Ne Il bidone ('55) si analizzano crudamente le gesta di un piccolo universo costituito da spregevoli individui del sottobosco romano.
Le notti di Cabiria ('57) riprende il tema de La strada: una figura a suo modo innocente immersa nelle brutture della vita che non
vuole rinunciare al sogno di un amore vero; ma dietro le promesse di matrimonio si nasconde l'interesse per i risparmi della
prostituta. Per la Masina una Palma d'oro a Cannes.

-Dino Risi ha il solito percorso cinematografico, documentarista, sceneggiature, regia di opere farsesche, neorealismo rosa e, negi
anni sessanta, commedia all'italiana. Un regista ben sintonizzato con l'evoluzione del costume italiano.

In Vacanze col gangster ('52), un noir degli equivoci all'italiana, si ha la prima apparizione, anche se fugace, di due attori che
spopoleranno vent'anni dopo: Terence Hill e Bud Spencer (M.Girotti e C. Pedersoli).

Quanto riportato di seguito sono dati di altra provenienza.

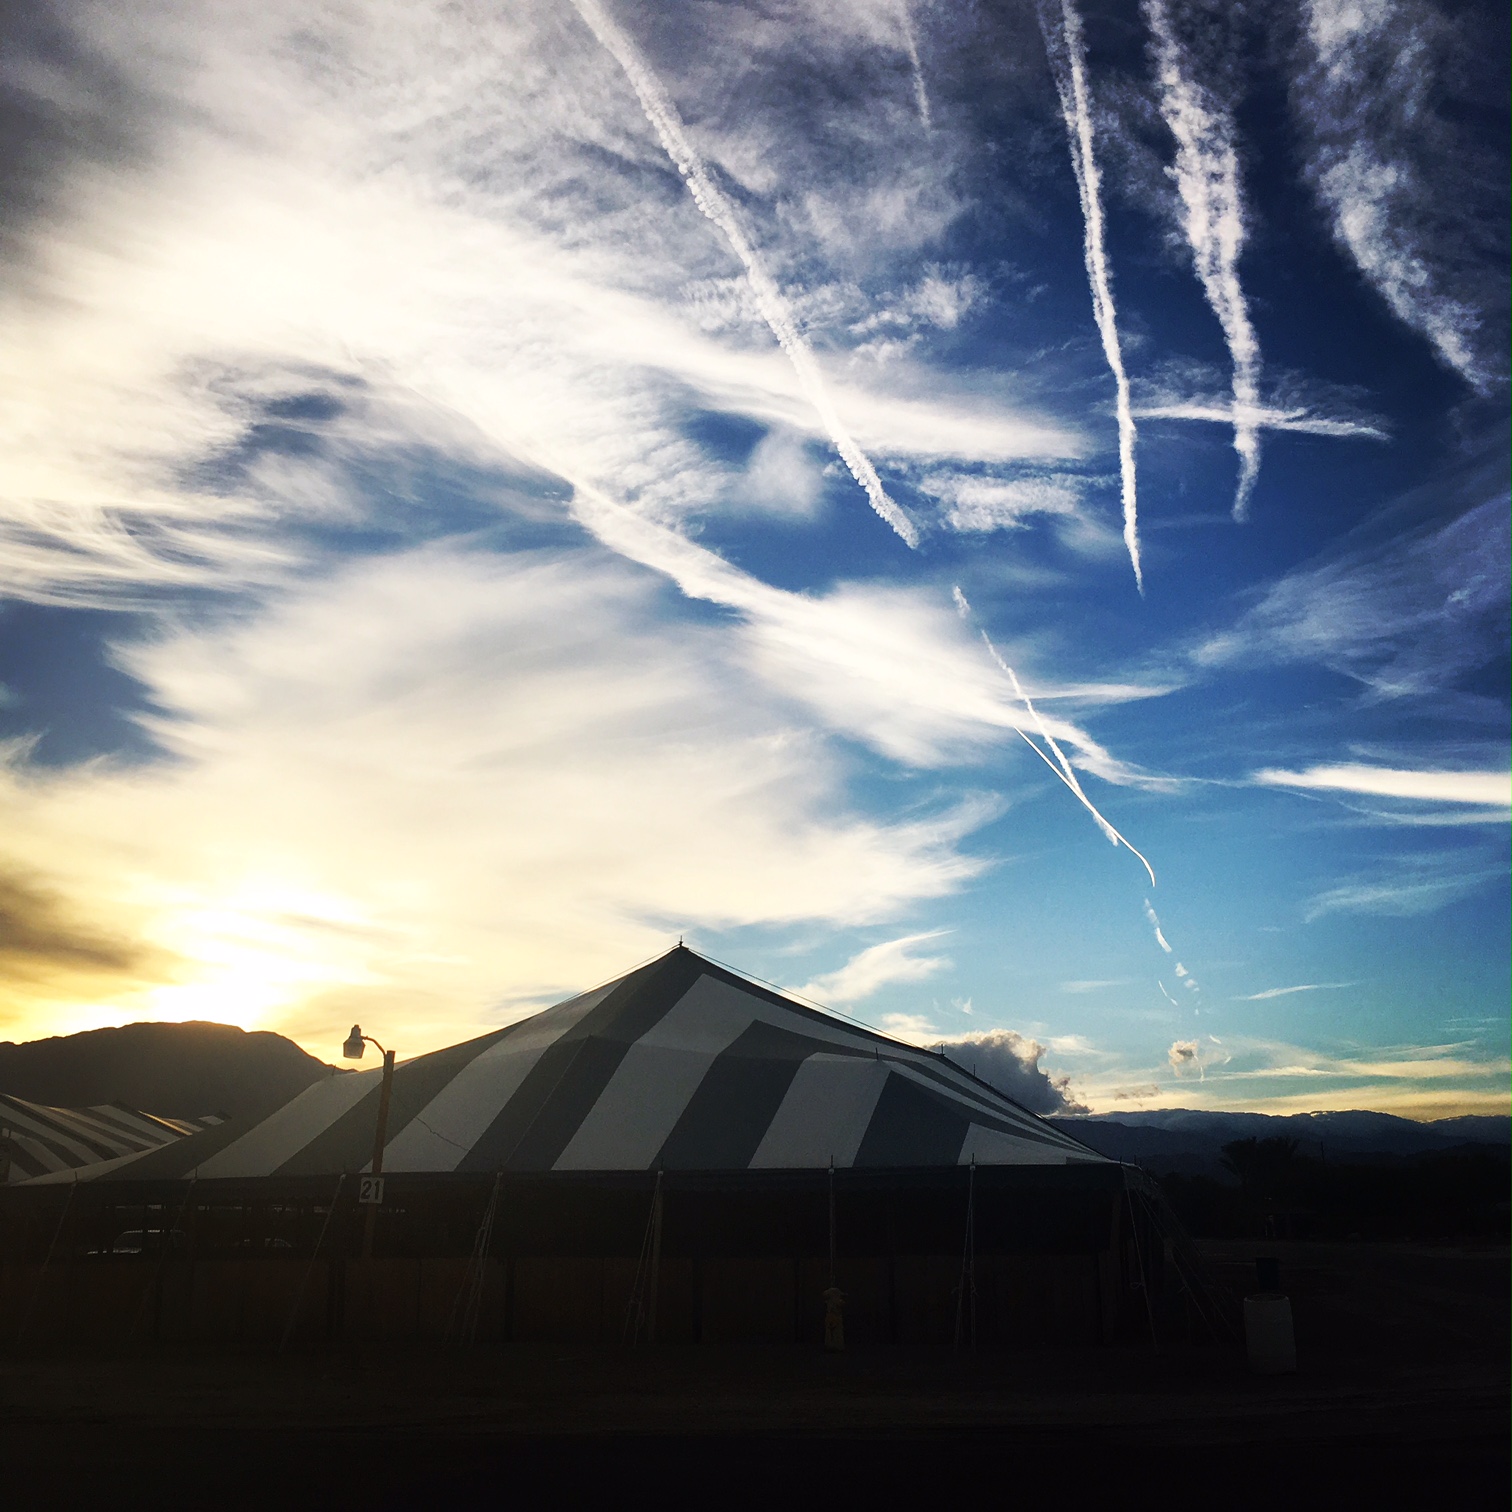 The morning skies at HITS Coachella. PC: Candace Green

Dopo Amore in città ('53) con registi vari, Risi si cimenta con il terzo episodio della serie Pane amore e... ('55), succedendo ai due
riuscitissimi di Comencini. Sparisce la Lollo ed entra in scena la prorompente Loren; però il film perde di freschezza. Nel bellissimo Il
segno di Venere ('55), fra tanti bravissimi attori primeggia la Franca Valeri, e la Loren, suo malgrado, nulla può pur con le molte doti
naturali messe in campo.

Due films di grande successo ed altrettanti incassi che segnano l'evoluzione del cinema italiano sono Poveri ma belli ('56) e Belle ma
povere ('57). Seguono altri lavori più o meno riusciti come La nonna Sabella ('57); Venezia, la luna e tu ('58); Il mattatore ('59); Poveri
milionari ('59); fino al ben costruito Il vedovo ('59), un thriller imperniato sul tentativo di assassinio della moglie ricca a scopo eredità,
organizzato da incapaci comandati da un Sordi insolitamente misurato. Sempre ineccepibile la Franca Valeri.

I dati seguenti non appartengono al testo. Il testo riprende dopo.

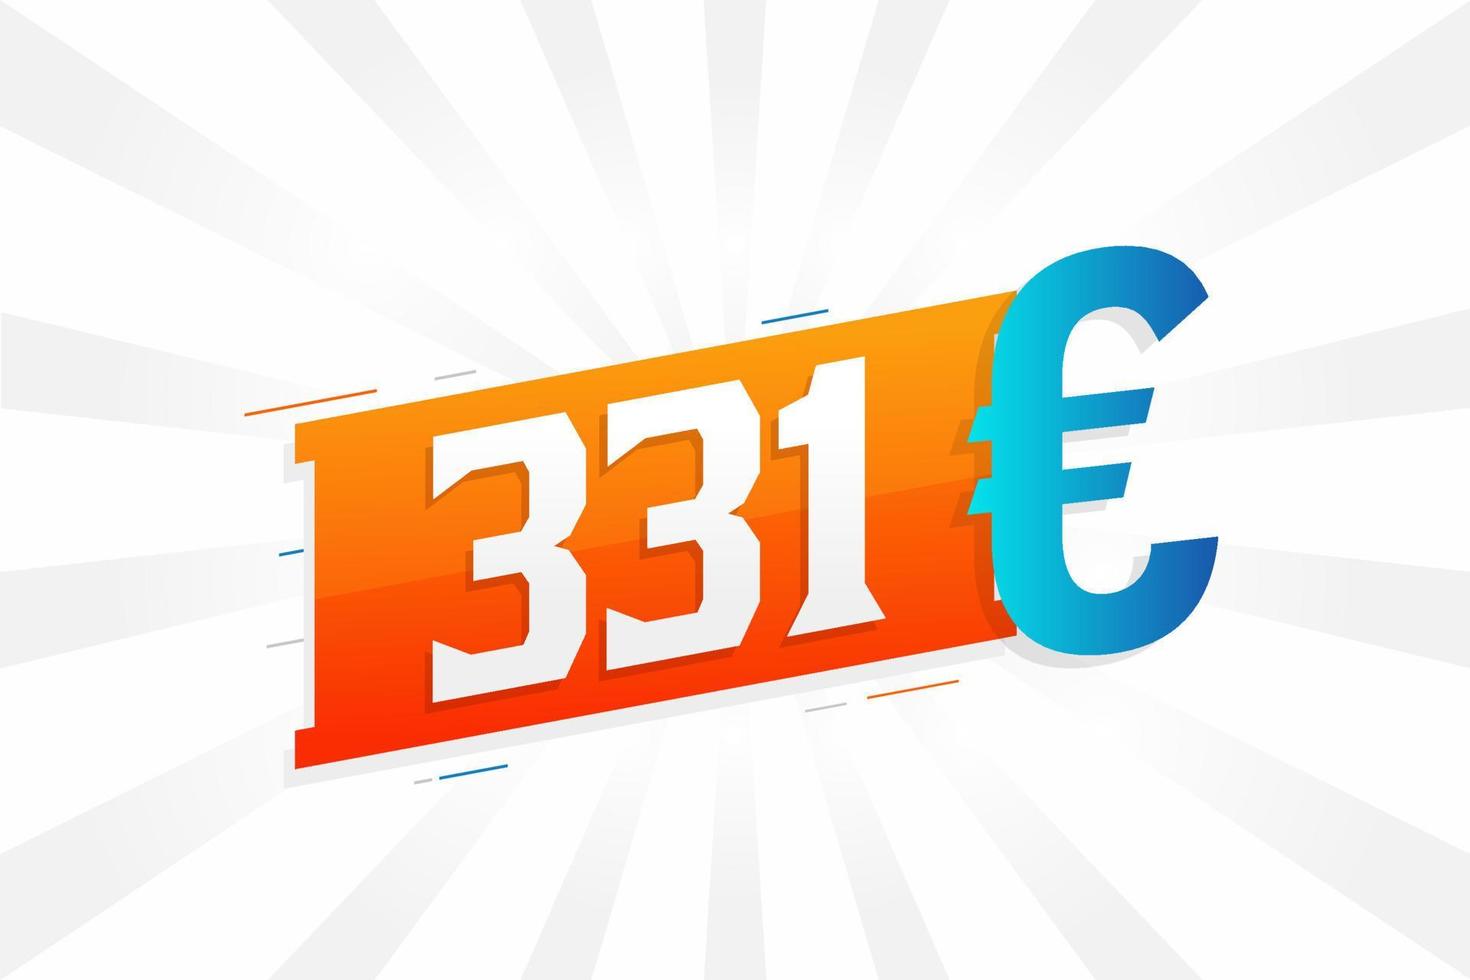 331 Euro Currency vector text symbol. 331 Euro European Union Money stock vector

-Antonio Pietrangeli dedica diverse sue opere alla trattazione dell'universo femminile; inizia col ritratto di una giovane domestica per
analizzare acutamente una galleria sociale emergente da famiglie della borghesia ne Il sole negli occhi ('53), per proseguire con
alterne fortune in Amori di mezzo secolo ('54); Lo scapolo ('55); Nata di marzo ('57); Souvenir d'Italie ('57).

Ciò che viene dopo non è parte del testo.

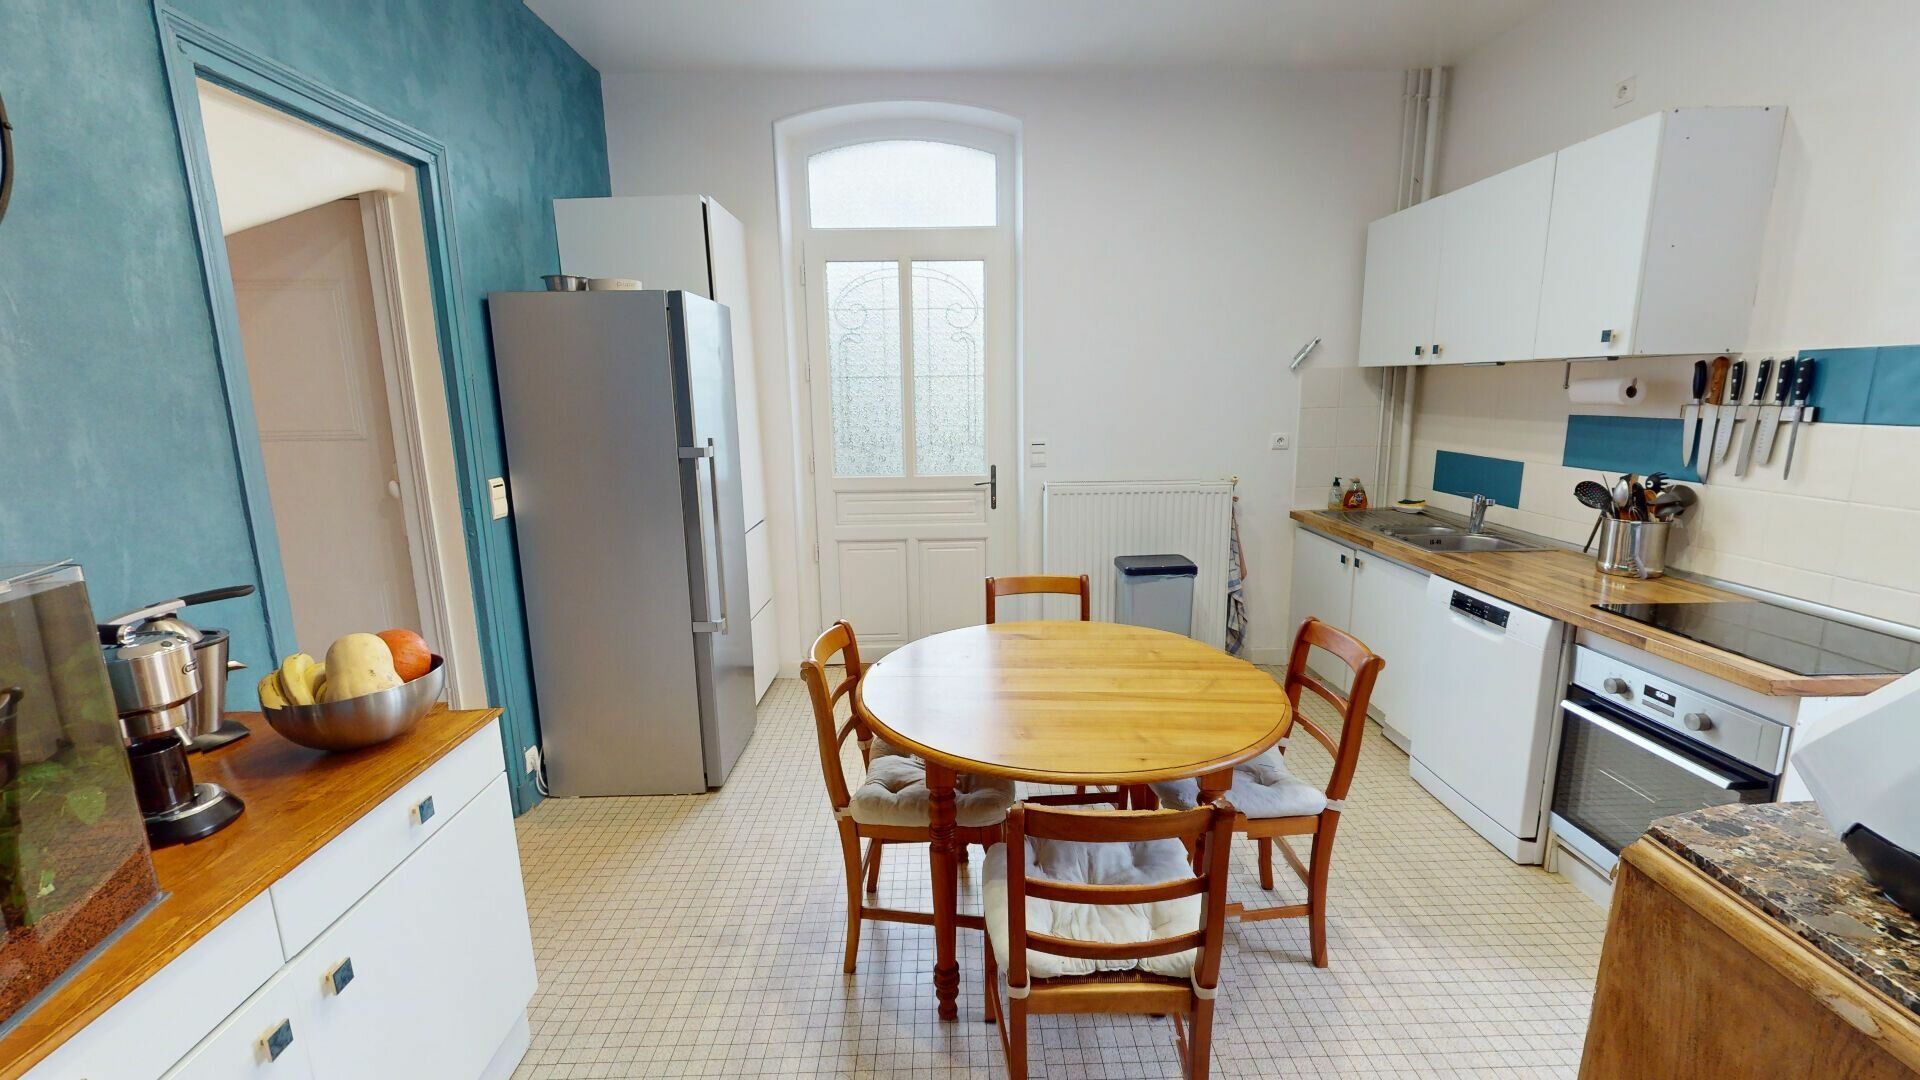 Maison à vendre 6 170m2 à Vernou-la-Celle-sur-Seine vignette-4

-Francesco Rosi dimostra di essere un acuto osservatore della storia nazionale e di saper affrontare fatti di cronaca per giungere a
chiare denunce delle logiche del potere e delle collusioni connesse. Prima opera è La sfida ('58), ambientato nel mondo dei mercati
ortofrutticoli e dei boss che lo controllano; I magliari ('59), sposta l'azione in Germania per affrontare un'altra realtà, il controllo del
mercato dei tessuti. Sempre efficace Sordi, tuttavia la sua presenza tende a far scivolare il film verso la commedia.

-Goffredo Alessandrini: Camicie rosse ('52).

Anche gli anni cinquanta se ne vanno...

Gli anni cinquanta si chiudono lasciando il campo agli esplosivi anni sessanta, un'epoca dei "Grandi Autori", di grande vitalità; si
avrà La dolce vita ('60) di Fellini; Rocco e i suoi fratelli (' ) di Visconti; L'avventura (' ) di Antonioni.

Poi debutteranno Olmi, Petri, i Taviani, Pasolini, Bertolucci, la Wertmüller, Zeffirelli, Zurlini ecc.